Further proposal from Akzo Nobel to acquire ICI
In addition, ICI shareholders would receive a second interim dividend of up to 5p per share paid pro rata by reference to where the completion date of the proposed offer falls between July 1, 2007 and December 31, 2007.
Akzo Nobel was able to make this increased proposal after further discussions with both ICI and Henkel KGaA ("Henkel").
Akzo Nobel has entered into an exclusive arrangement with Henkel for the sale, following completion of its proposed offer, of ICI's Adhesives and Electronic Materials businesses. The consideration payable under this arrangement is £2.7 billion (calculated on a cash and debt free basis).

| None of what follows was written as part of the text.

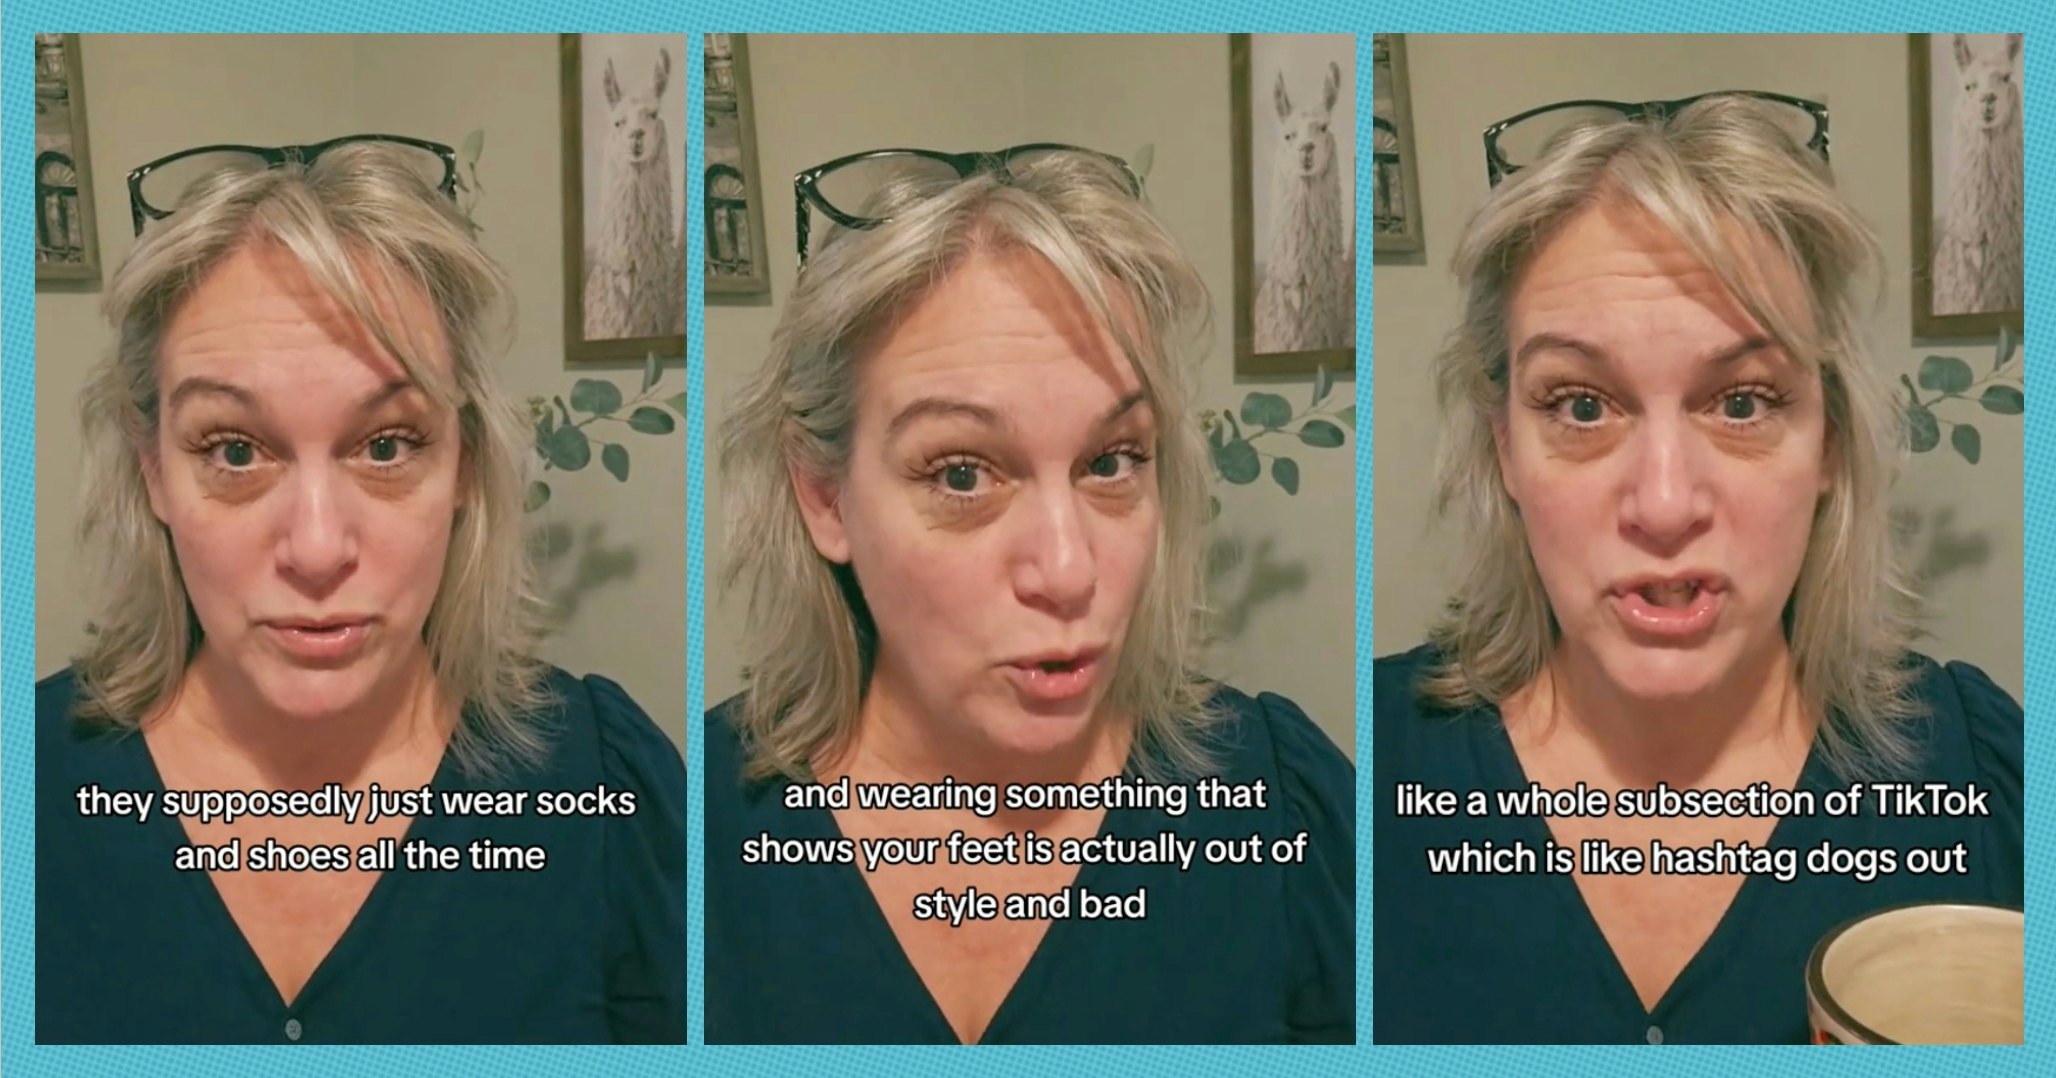 Your socks expose whether you are a Millennial or Gen Z

Akzo Nobel and Henkel have negotiated a back to back agreement relating to this proposed sale which, subject to the approval of Henkel's Shareholders' Committee, they would intend to execute immediately prior to the formal announcement of an offer by Akzo Nobel for ICI. The exclusivity agreement with Henkel enables both Akzo Nobel and Henkel to each focus on the businesses that offer them most synergies thereby meeting their respective stated strategic and financial objectives. It would also allow Akzo Nobel to return further cash to its shareholders.
The Board of ICI has agreed that Akzo Nobel can undertake certain limited due diligence. There can be no certainty that Akzo Nobel's further indicative proposal will result in any offer or transaction.